> **Data block**:
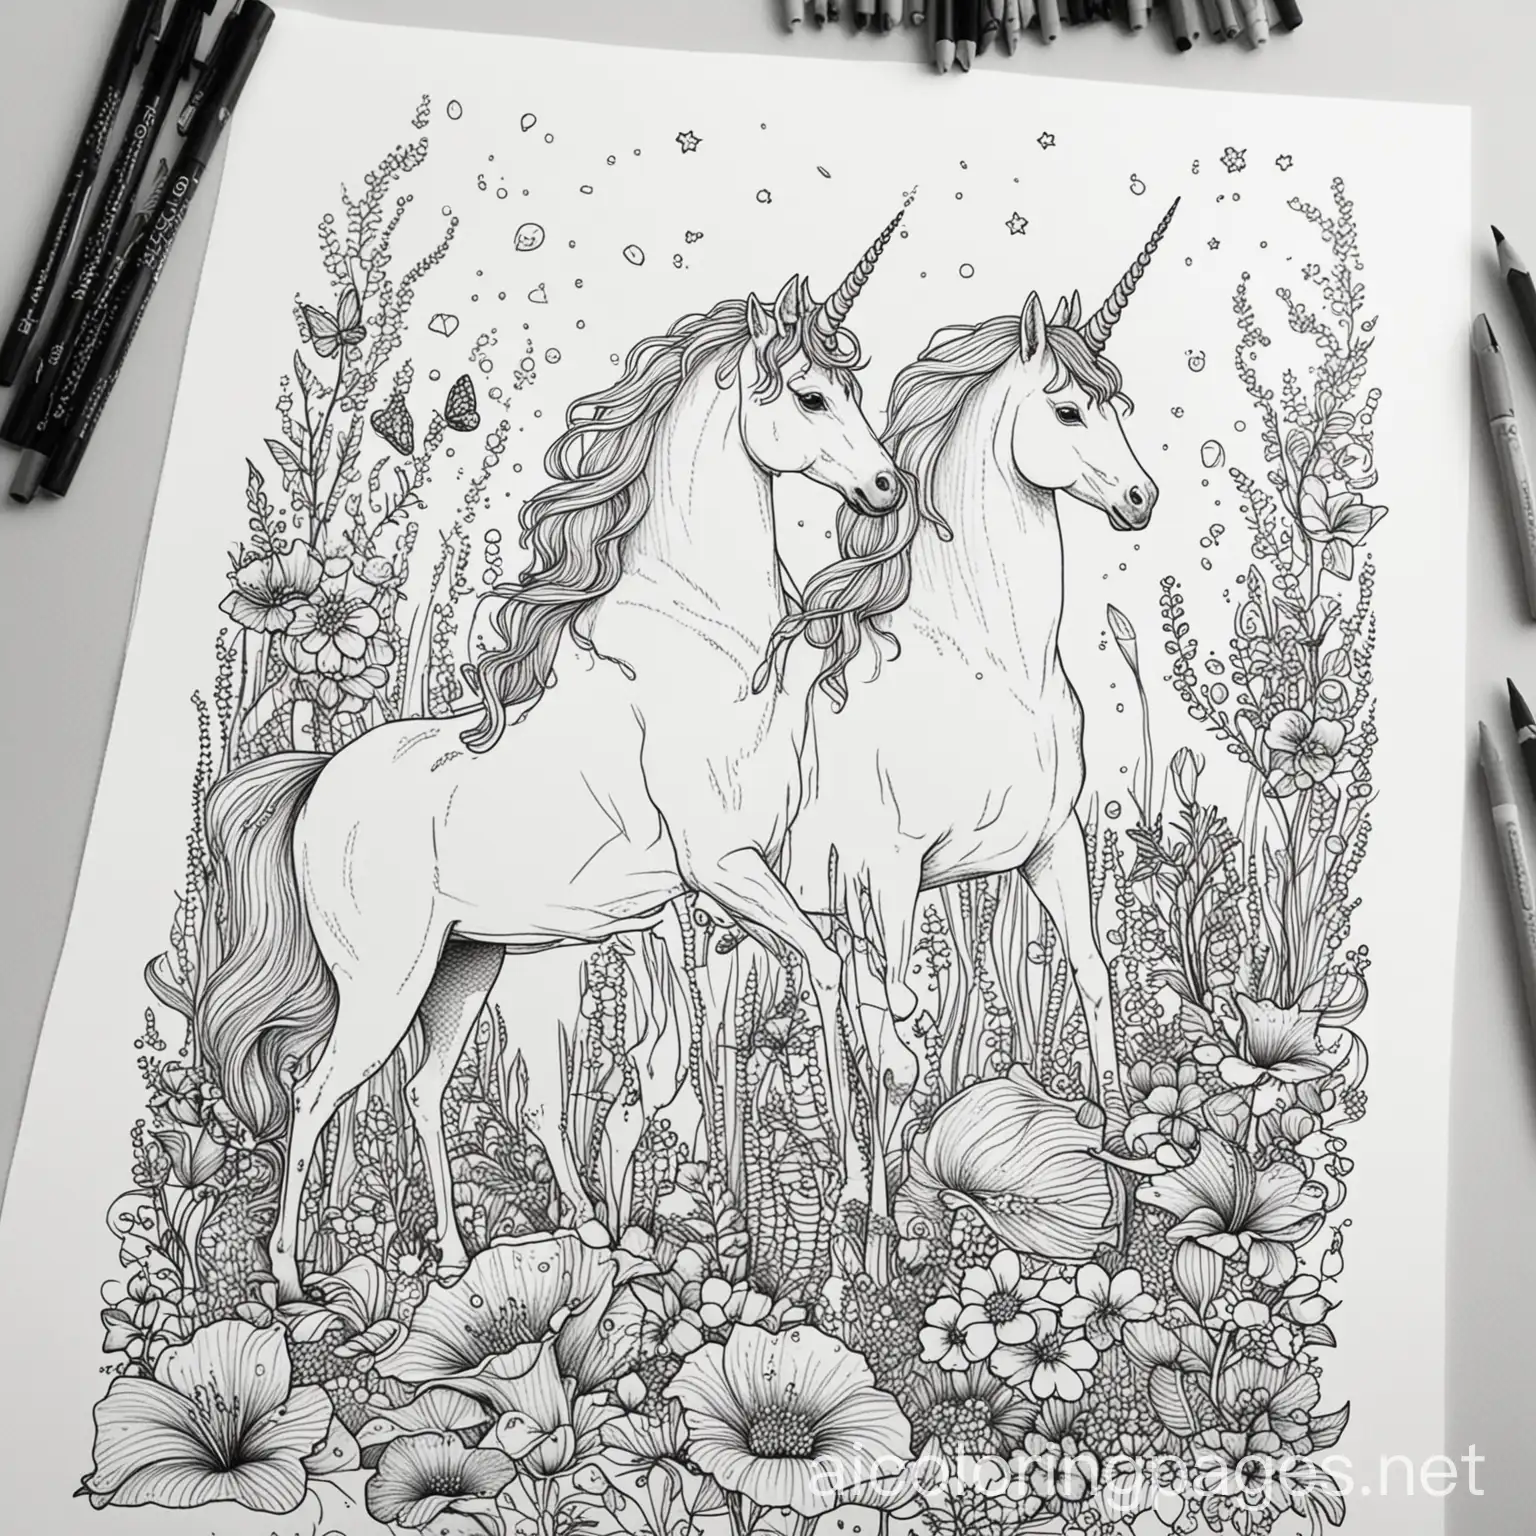 Unicorn-and-Mermaid-Coloring-Page-Black-and-White-Line-Art
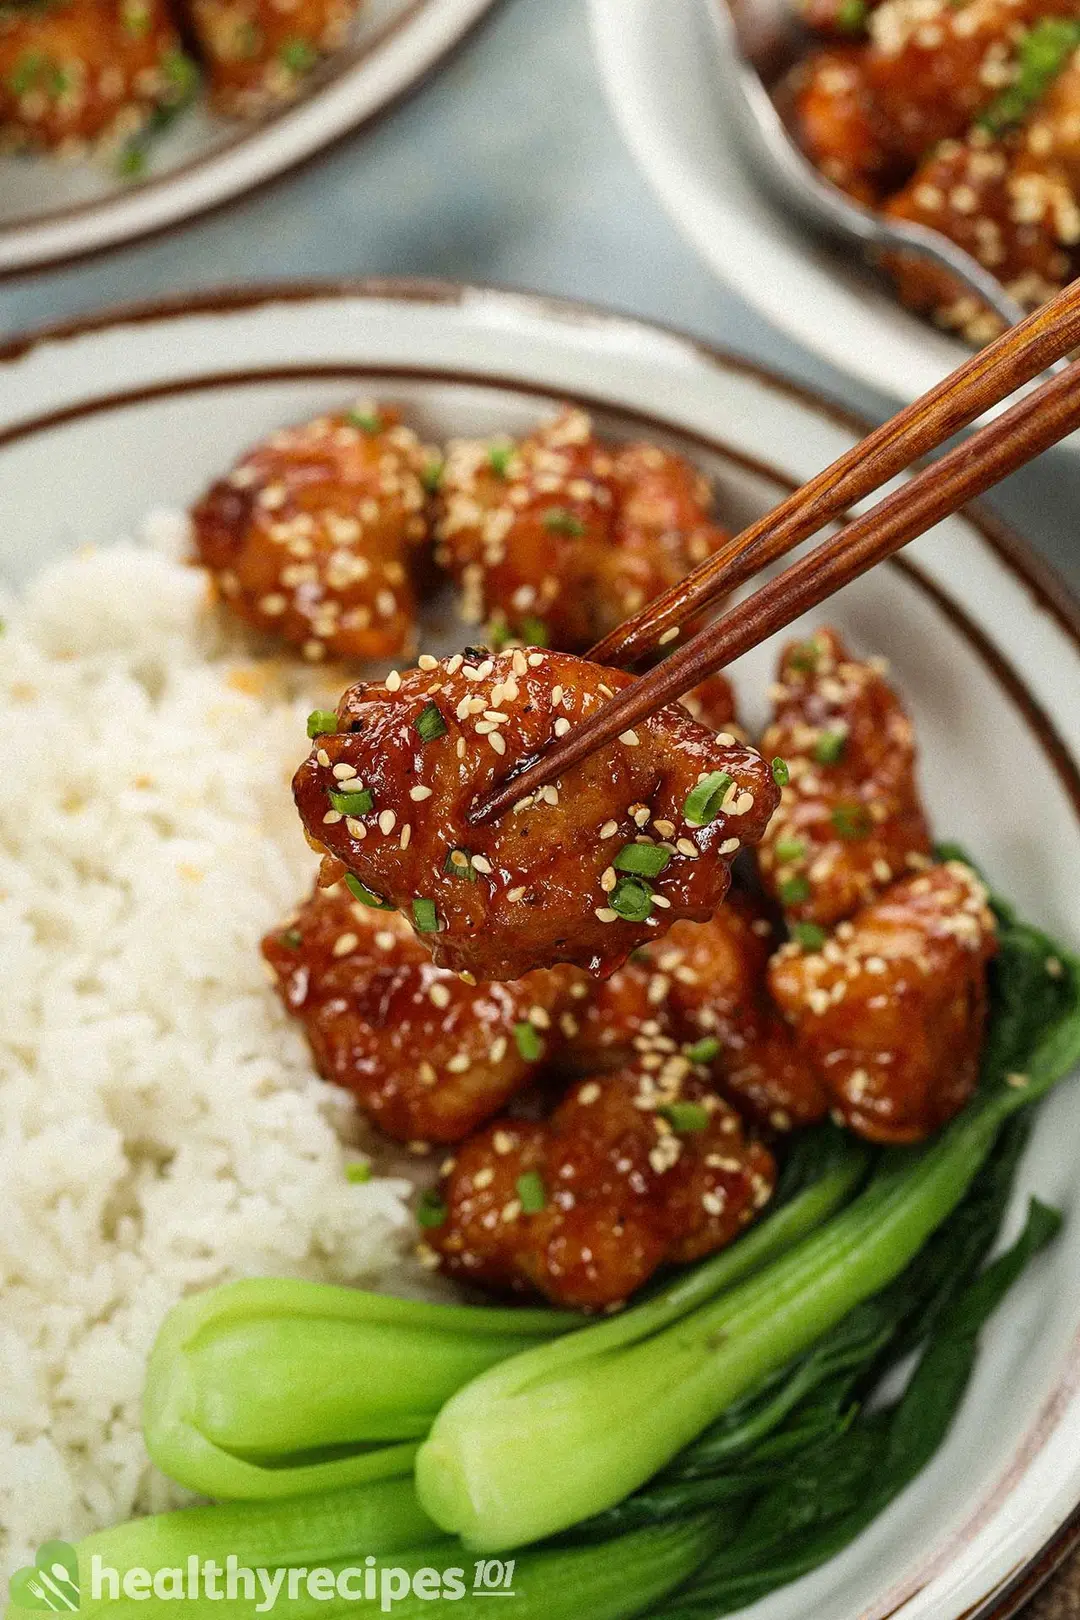 A pair of chopsticks holding up a piece of deep-fried chicken covered in honey sauce and white roasted sesame seeds
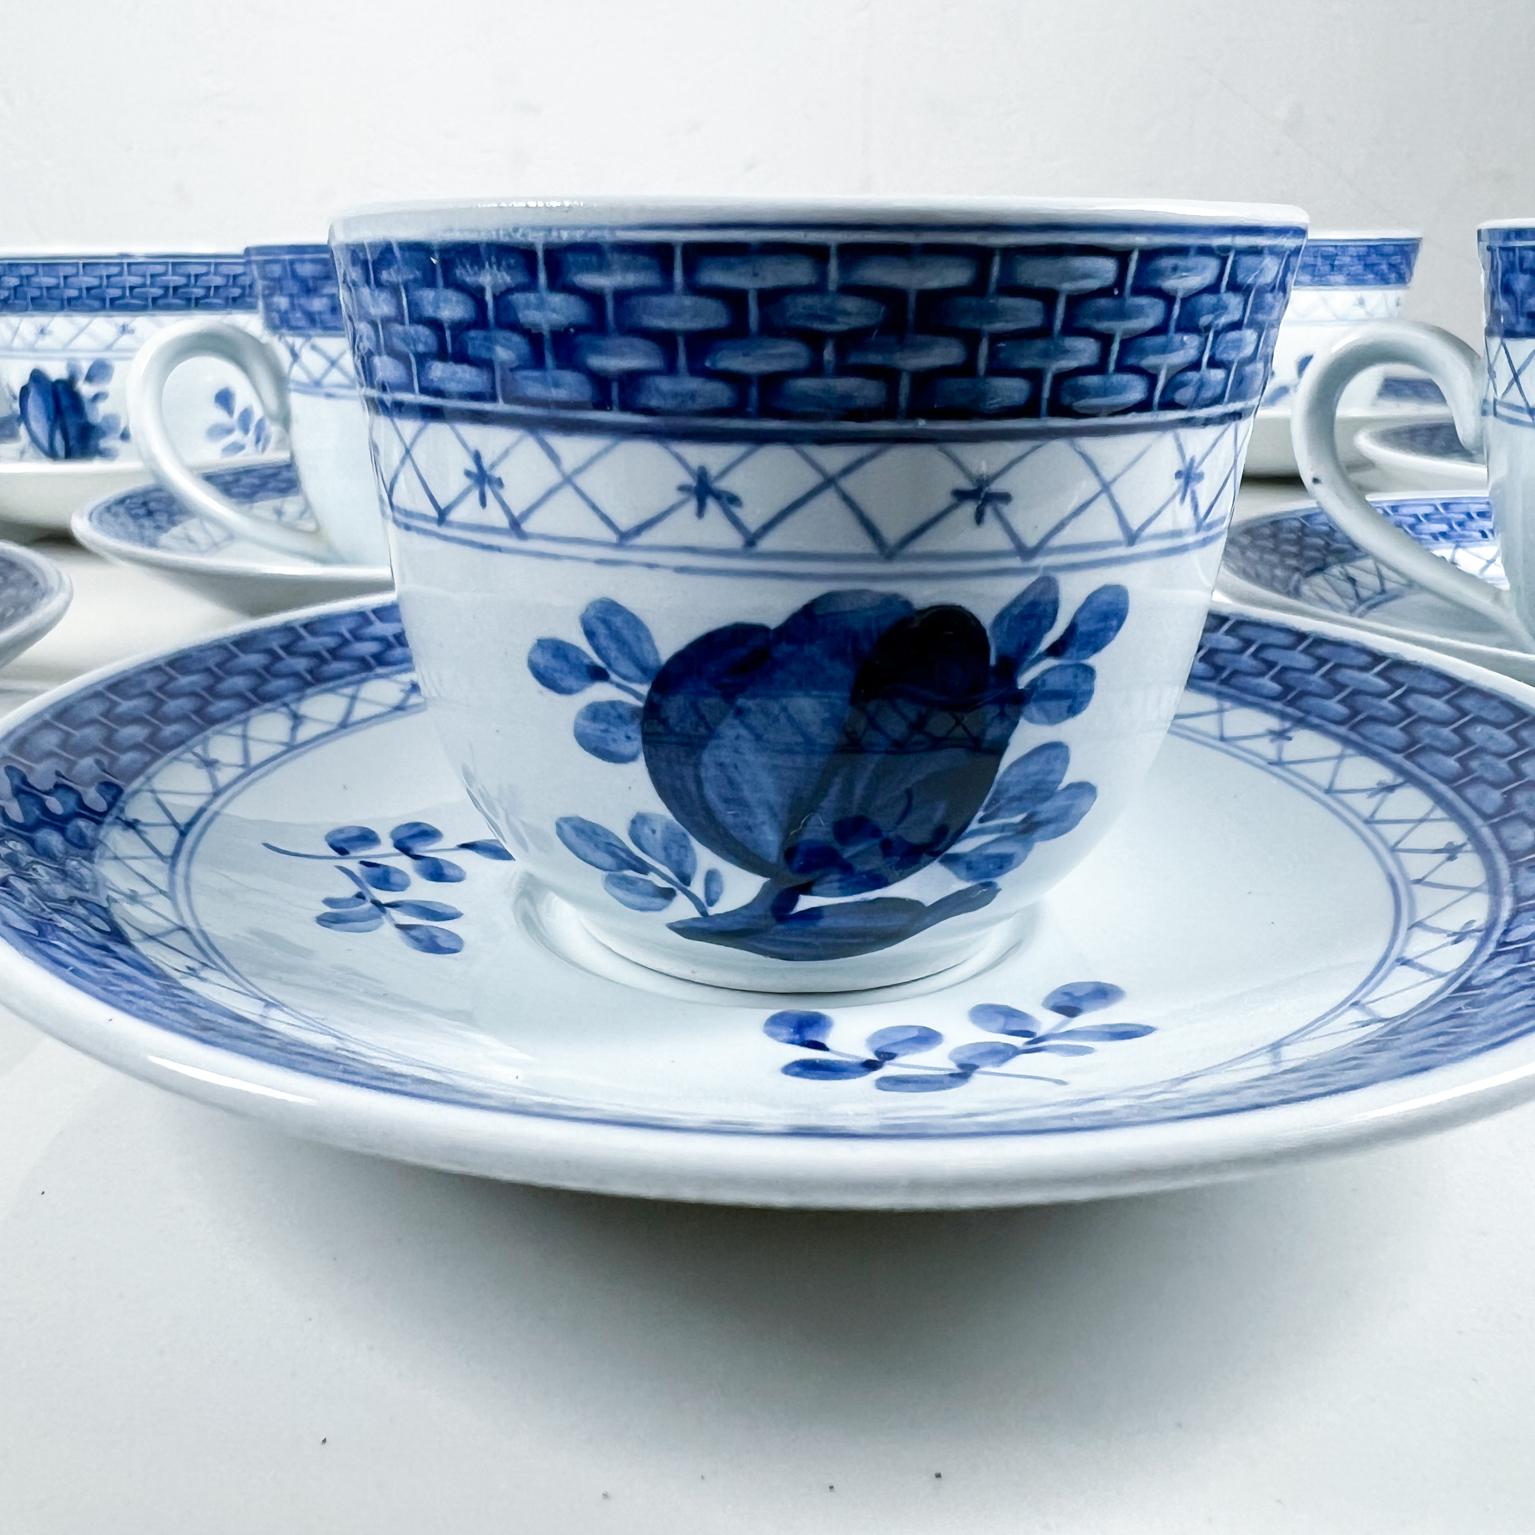 1960s Royal Copenhagen Denmark Delightful Coffee Cup and Saucer Service for 12 In Good Condition For Sale In Chula Vista, CA

> **Problem requirements**: Copy out the listing above exactly, and keep the pictures out of it.

> **Finished exercise**:
 Unicorn-and-Mermaid-Coloring-Page-Black-and-White-Line-Art
 A pair of chopsticks holding up a piece of deep-fried chicken covered in honey sauce and white roasted sesame seeds
 1960s Royal Copenhagen Denmark Delightful Coffee Cup and Saucer Service for 12 In Good Condition For Sale In Chula Vista, CA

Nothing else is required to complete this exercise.